The REPS ~ %1RM relationship is foundational knowledge in resistance exercise programming. It gives practitioners a sense of the relative loads that can be prescribed to allow for a certain number of repetitions to be completed. Though a general table of the REPS ~ %1RM relationship has been available for many years (Table 1), it has not incorporated uncertainty into point estimates or accounted for between-individuals variation in performance. We updated this table. After using meta-regression to analyze all available literature on repetitions-to-failure tests, we generated a main model table of estimates for mean repetitions and SDs and 95% CIs around the point estimates across the relative loading spectrum (Fig. 2).
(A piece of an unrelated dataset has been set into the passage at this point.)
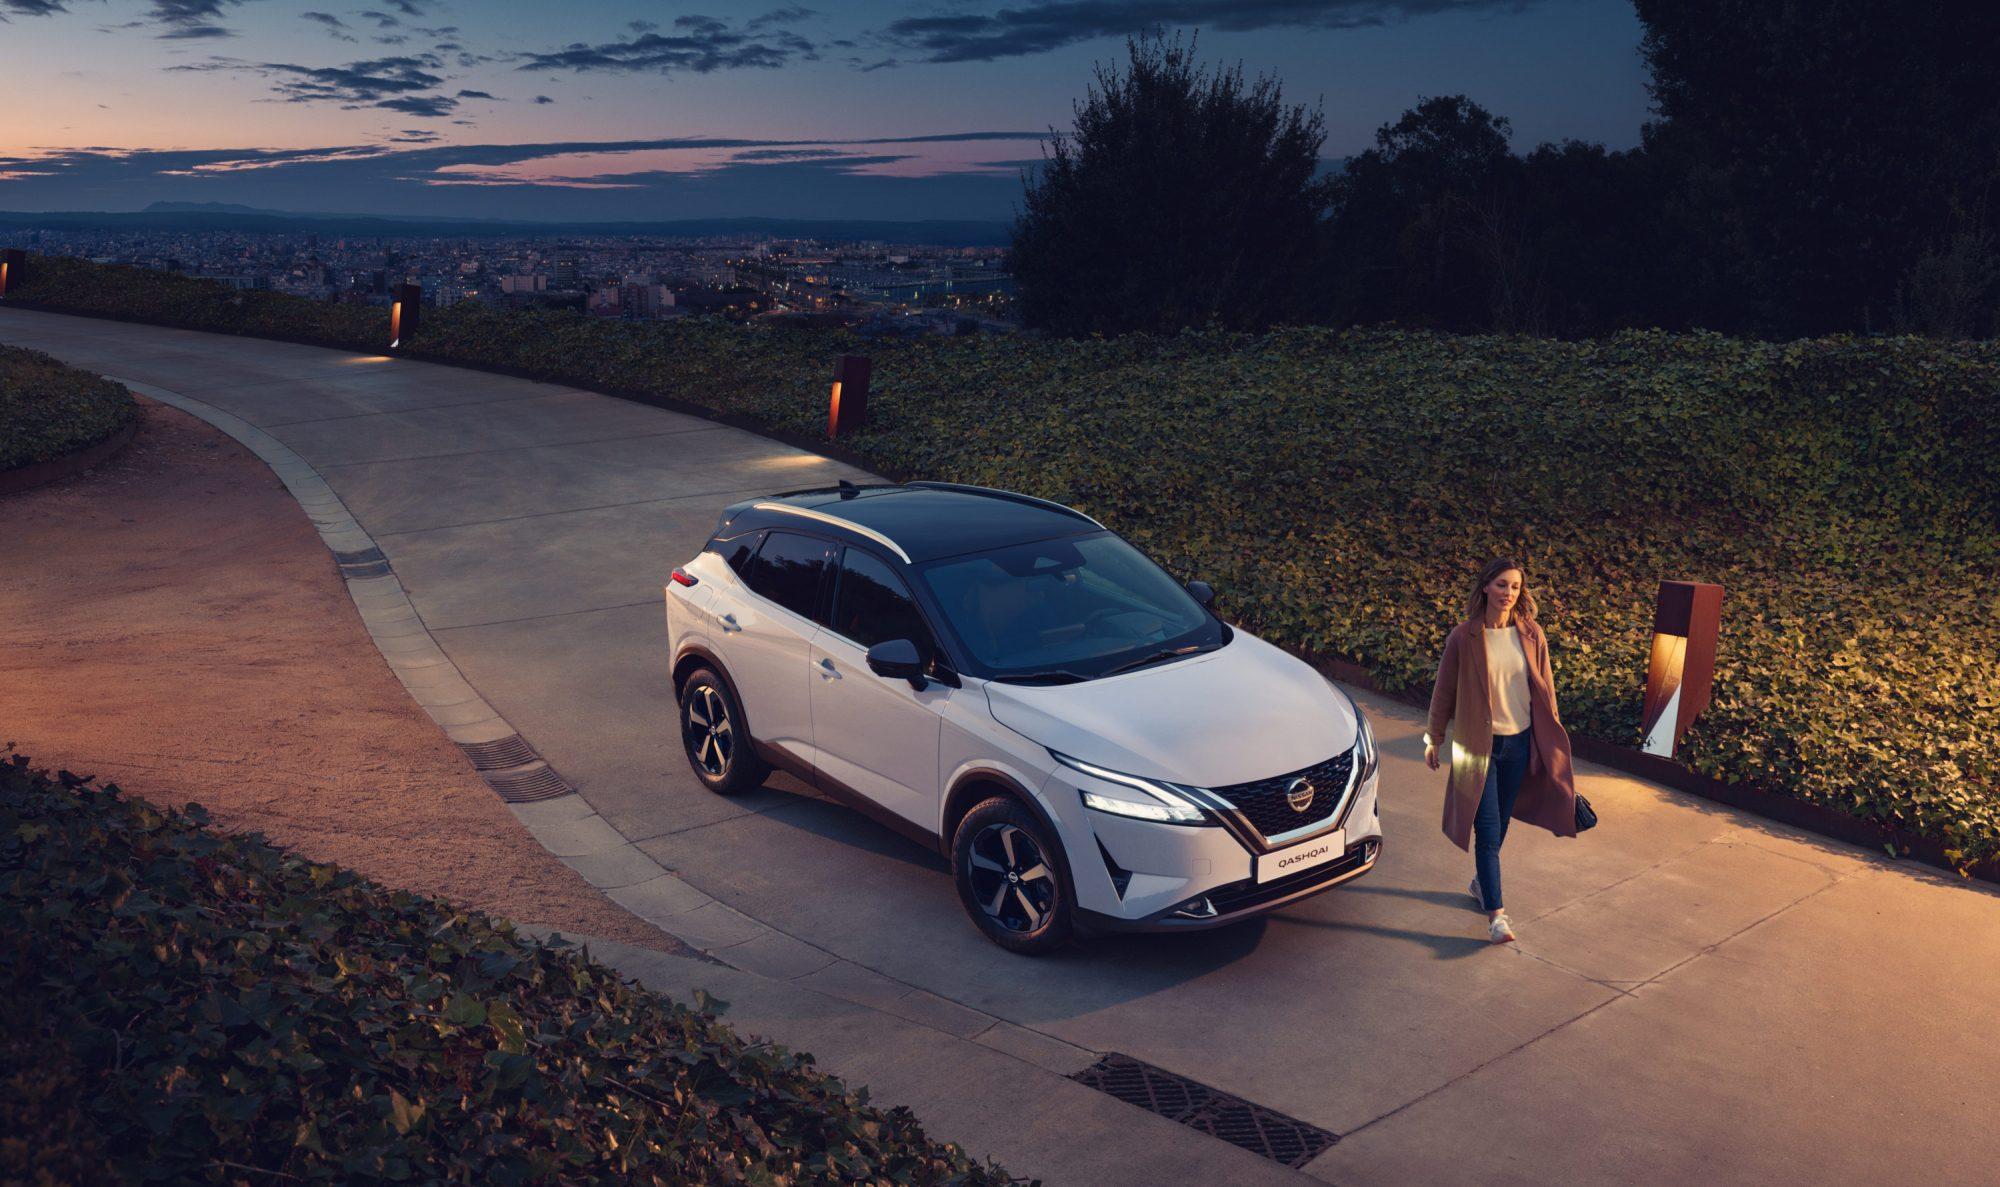 A concorrência que se prepare: Novo Nissan Qashqai chega a Portugal desde 29.000€
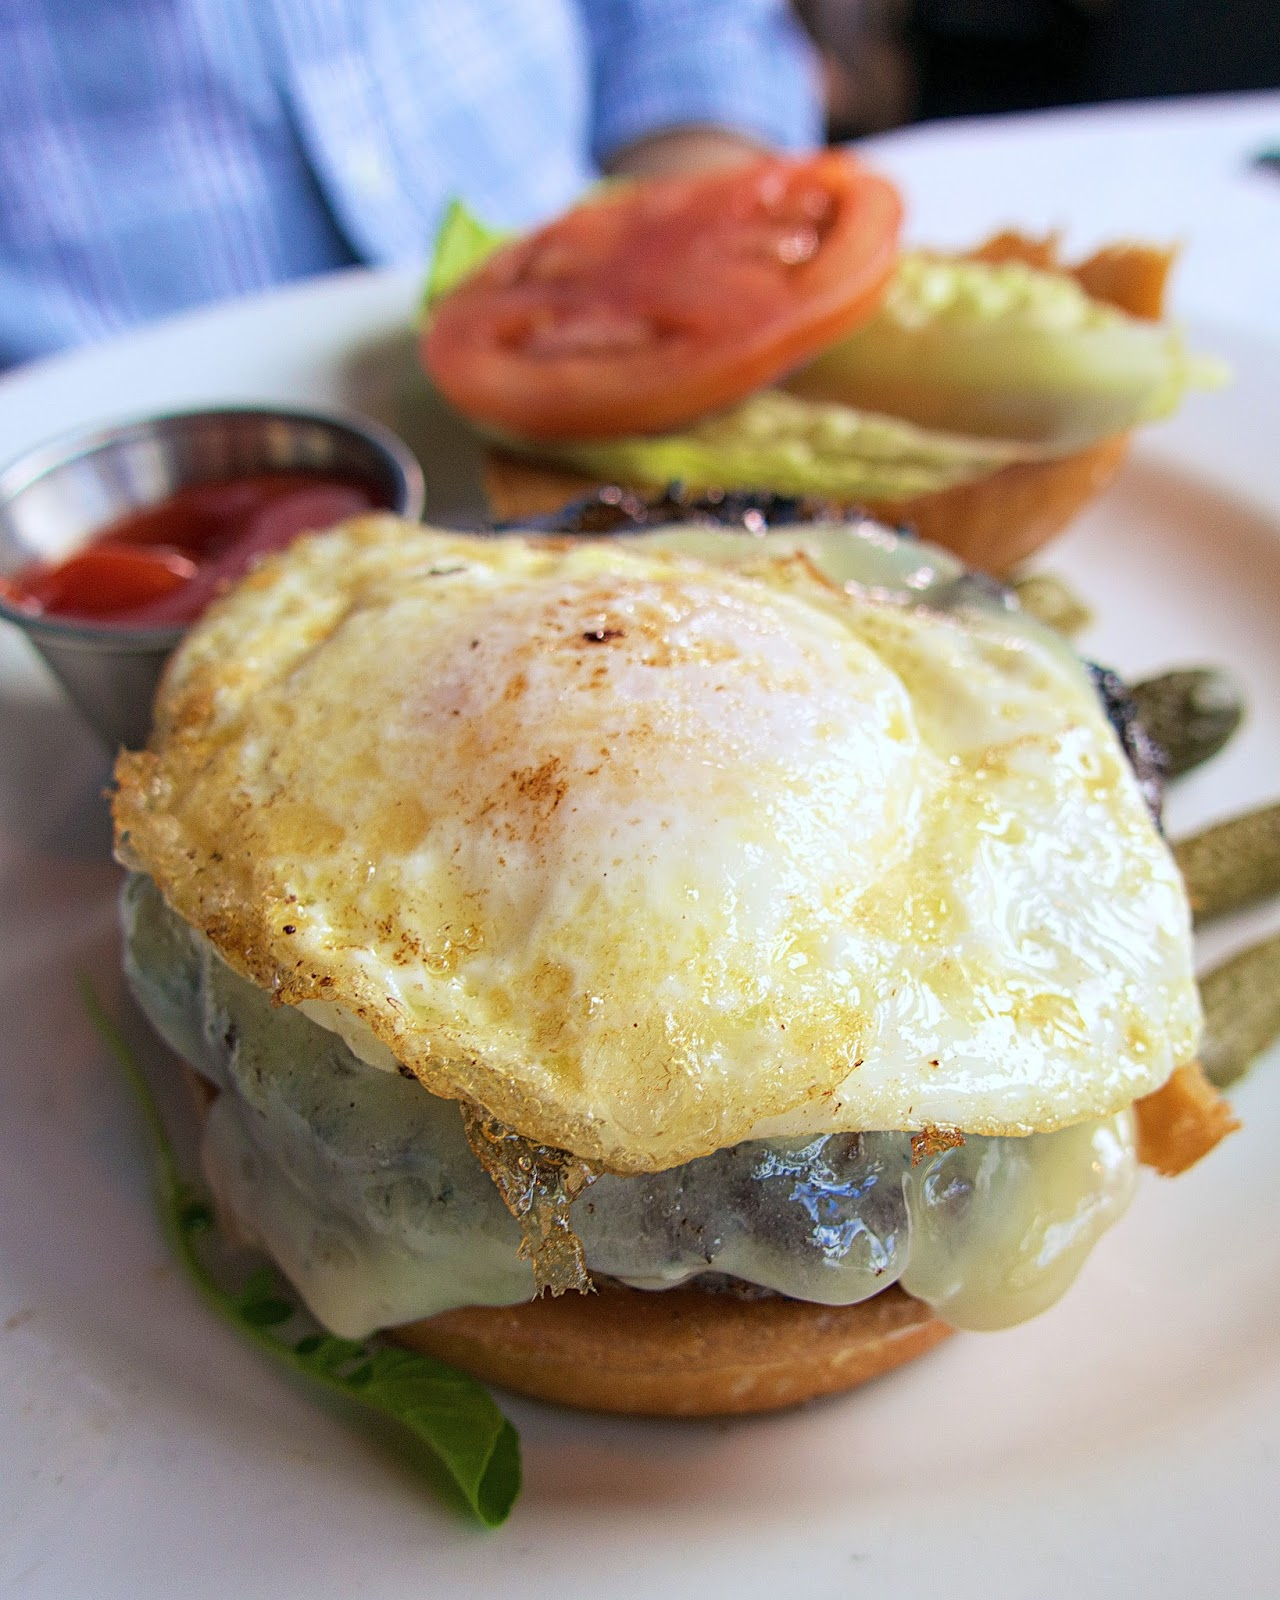 Mon Ami Gabi hamburger

This table can be used to guide resistance exercise prescriptions for all individuals and for most exercises. However, because significantly more repetitions can be completed in the leg press than the bench press, separate tables should be referenced when prescribing resistance exercise for these two exercises (Figs. 3 and 4). Future research involving hundreds, if not thousands, of participants will be necessary to establish precise REPS ~ %1RM relationships for other exercises and specific populations.